Hopefully it happens in all browsers and is just a simple resize issue
in my code, I'll check it out.

* In simple.czml, the AGI label needs a pixel or eye offset so it is in
front of the facility. This also exposes some jittering problems in the
primitives, which I moved up on the roadmap.

We also need to revisit the clamp to pixel issue with labels, which
still look bad in some cases. I think we're going to need that
uniform for billboard collection after all.

* Drag and drop is a very nice feature, but the barrier to entry is too
high. How many users will browse their filesystem? The in-browser gallery
will be sweet.

This is a documentation problem. You can specify a "source" query
parameter to the viewer to load things via URL instead of
drag-and-drop. For example:
localhost:8080/Apps/CesiumViewer/index.html?source=Gallery/simple.czm
Eventually we'll have a table of contents control to make it easy to
load CZML interactively and/or through a gallery. No reason it can't
be the same exact gallery as SandCastle.

Thanks again,
Matt

This all sounds good. A few comments:

The user never good explicitly set the date, other than clicking on the timeline.
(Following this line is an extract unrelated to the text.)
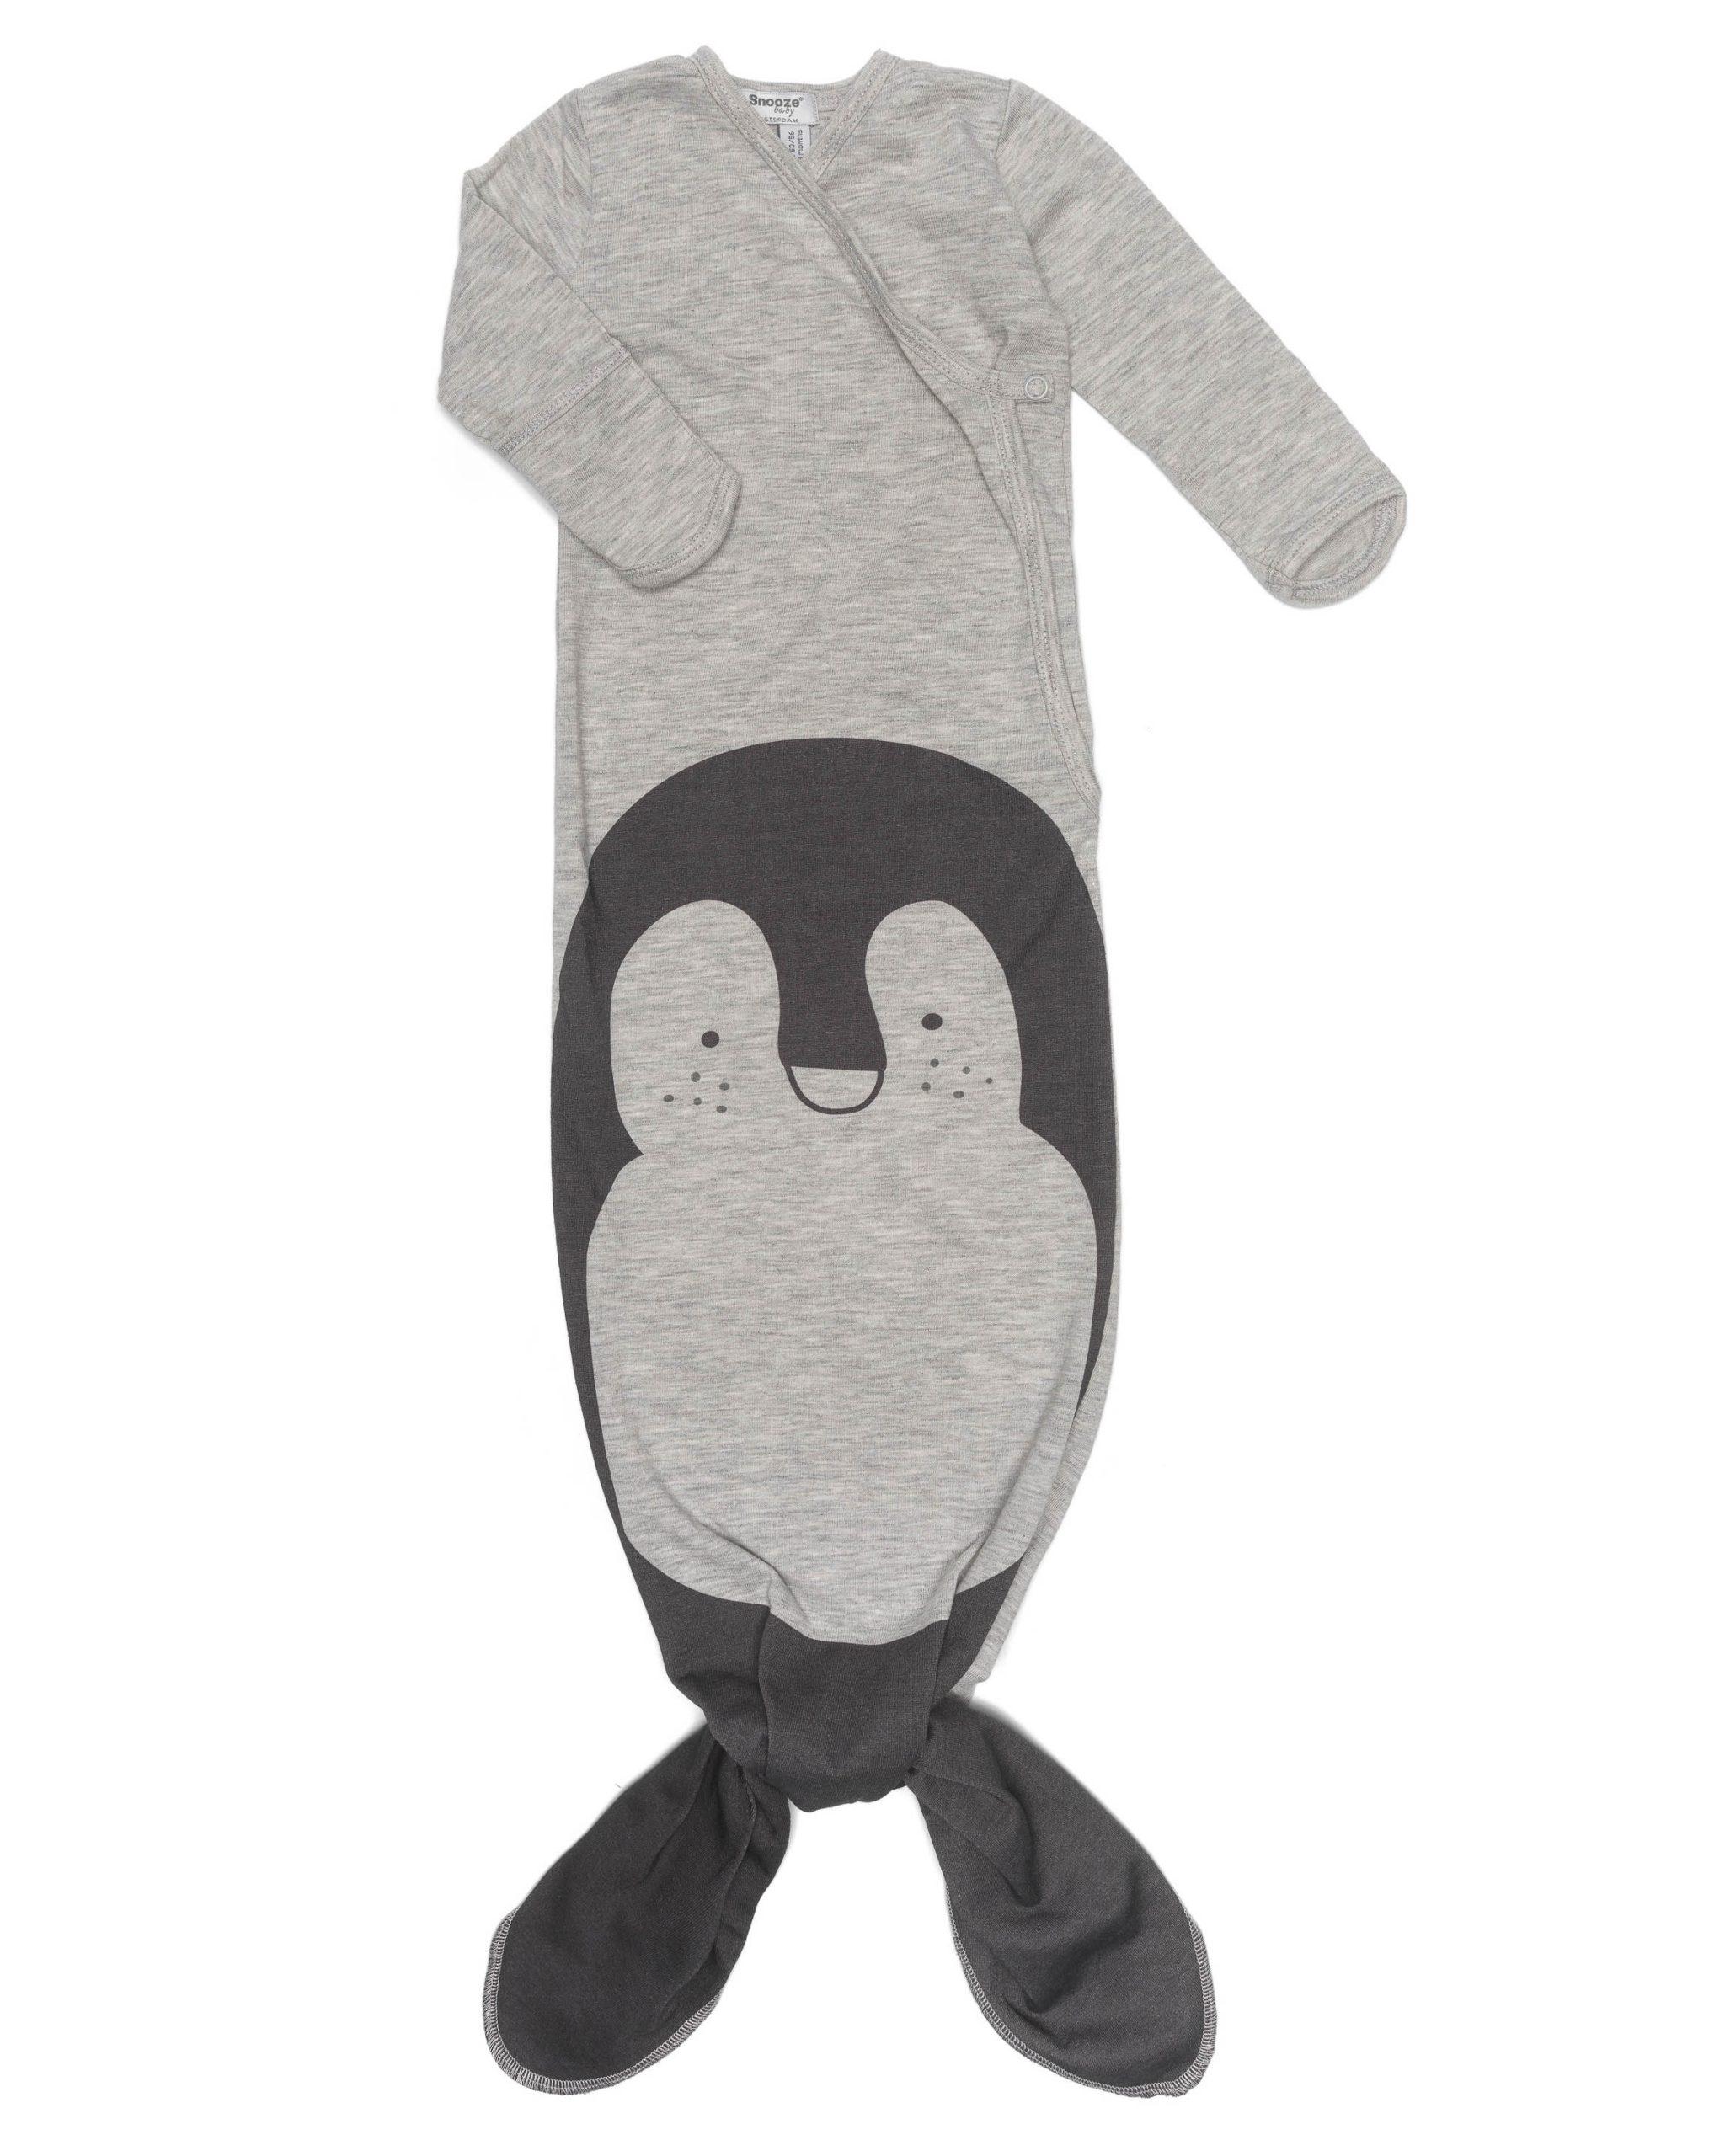 SnoozeBaby Body d'emmaillotage et bonnet Stone Beige PingouinSnoozeBaby Body d'emmaillotage et bonnet Stone Beige Pingouin

I’m not sure what you mean by this (obviously we will want this feature)

I thought I could click on the date in the lower right above the timeline and bring up a calendar. After a second look, that is how the timeline came up, and I like very much that the timeline is up by default now so ignore my comment.
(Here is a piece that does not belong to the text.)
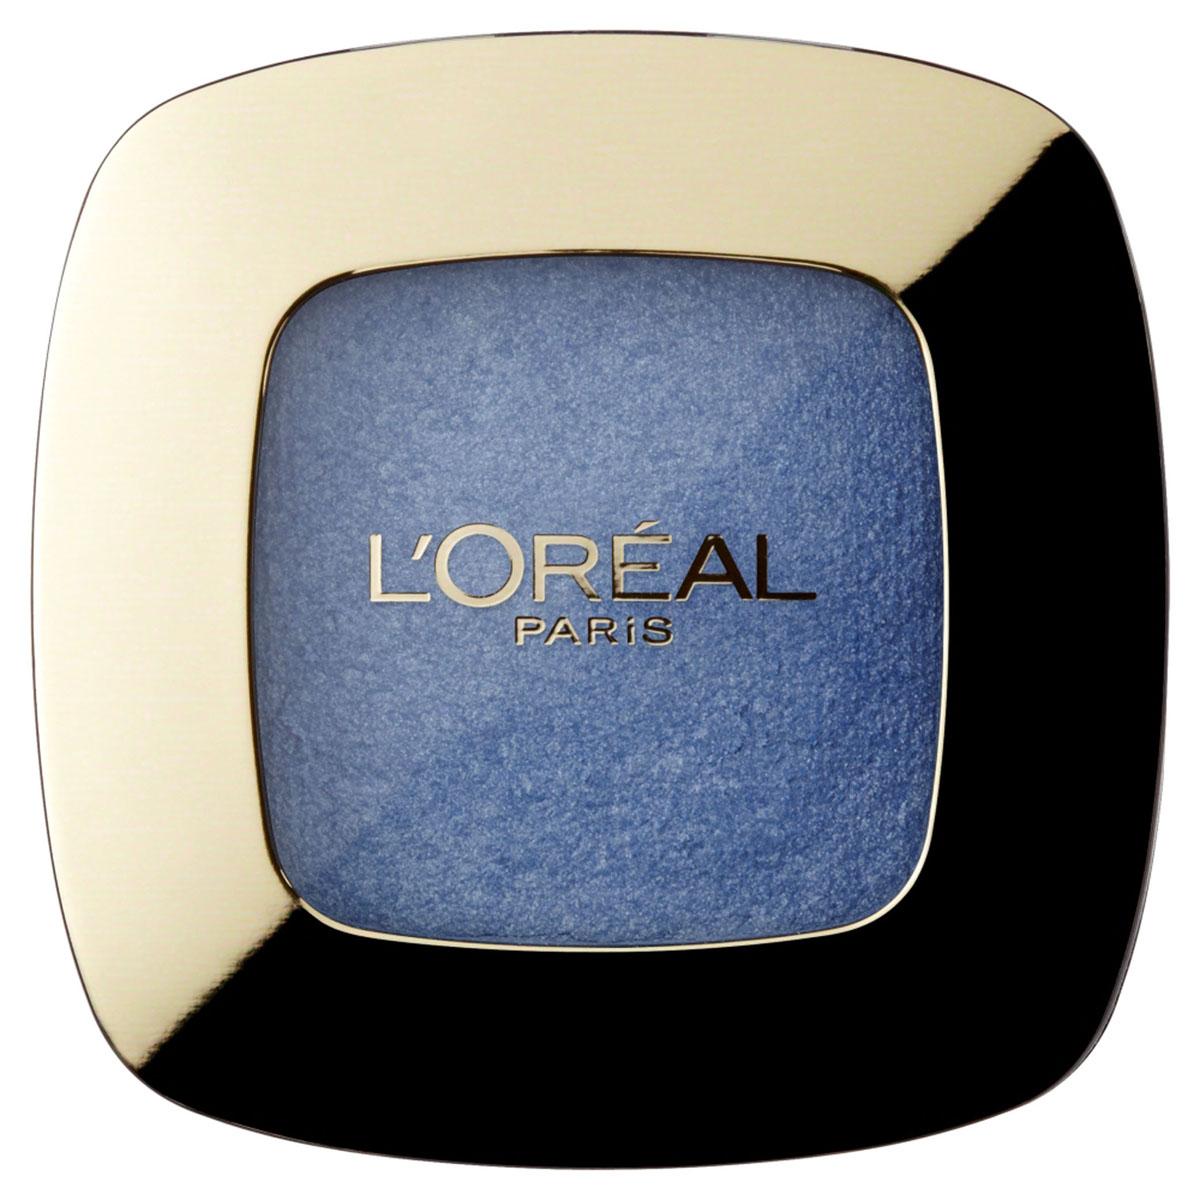 LOreal Paris Тени для век Color Riche моно, оттенок 404, Pop, поп, стойкие, 3,6 млA8117550Однотонные тени Color Riche LOmbre Pure - новый тренд в макияже глаз. Уникальная гелевая технология делает цвет ярким, насыщенным и стойким. Пудра с чистейшими пигментами создает 4 цветовые семьи: плотные матовые, трепетные нюдовые, дымчатые смоки и сочные поп оттенки. Технология Призма-Шайн класса люкс создает пятую семью: многогранные светоотражающие оттенки с высокой концентрацией перламутровых частиц. Невероятный результат: непревзойденный цвет и сияние, гладкое, бархатное ровное покрытие, стойкость.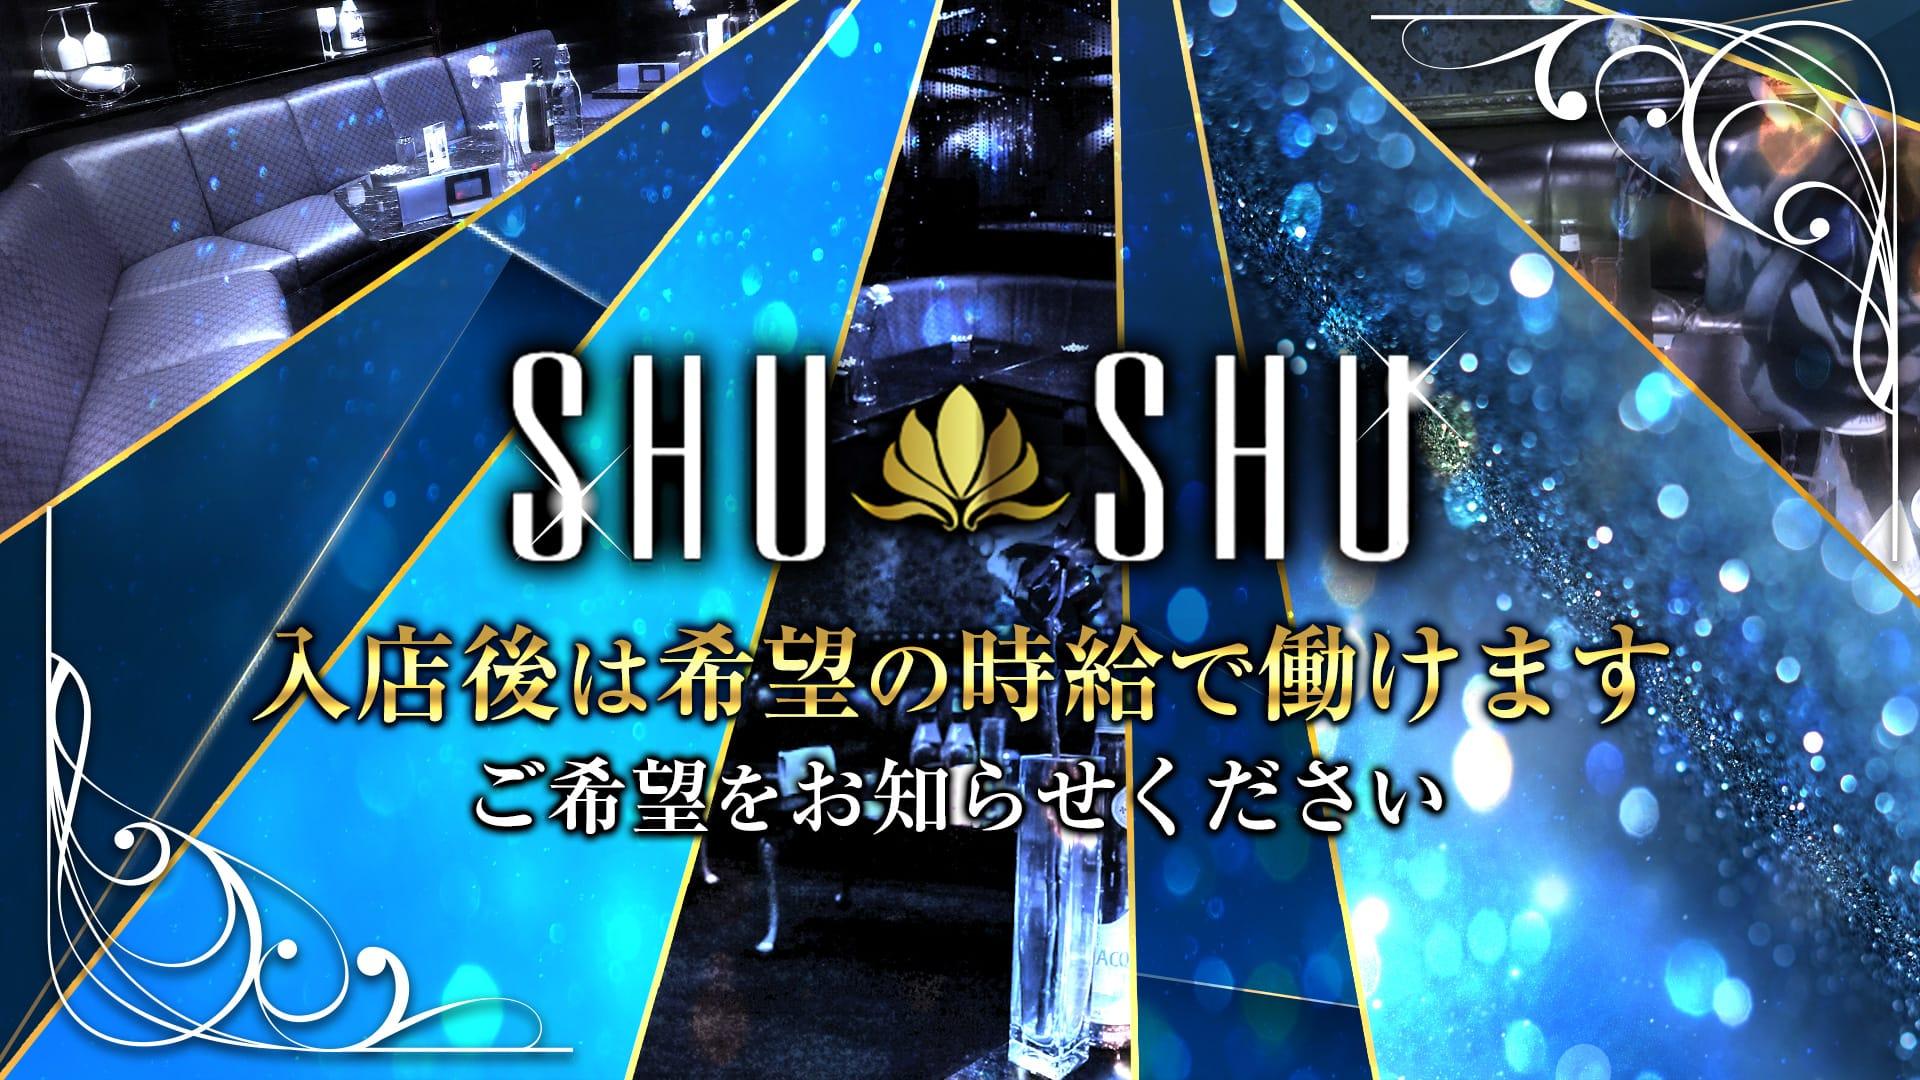 【津田沼】SHU-SHU(シュシュ) 西船橋キャバクラ TOP画像

I’m not doing anything special here, so it might be a bug somewhere in Cesium or maybe something Cesium viewer is doing is taking too long. In theory, this should happen on the current web-site as well then.

WebGL lost context would need to be handled in Renderer. No doubt, this has nothing to do with the viewer.

Eventually we’ll have a table of contents control to make it easy to load CZML interactively and/or through a gallery. No reason it can’t be the same exact gallery as SandCastle.

Right on.

Patrick

The viewer branch has been merged into master, containing a record 278 commits and 178 review comments (and pushing the GitHub pull request web UI well past its limits)

One of the last additions was a build process for CesiumViewer itself, using the Dojo build tools to produce a combined, minified, deployable release of the viewer application that stands alone from the source tree and is self contained. The “release” ant target creates this version under Build/Apps/CesiumViewer, and it will be in the release zip files in future releases.

Take a look and let us know if you have feedback, either through GitHub or the dev list. We’ll be updating cesium.agi.com with this version of the viewer soon.

Awesome. I encourage us all to merge master into our branches soon in case there are any conflicts.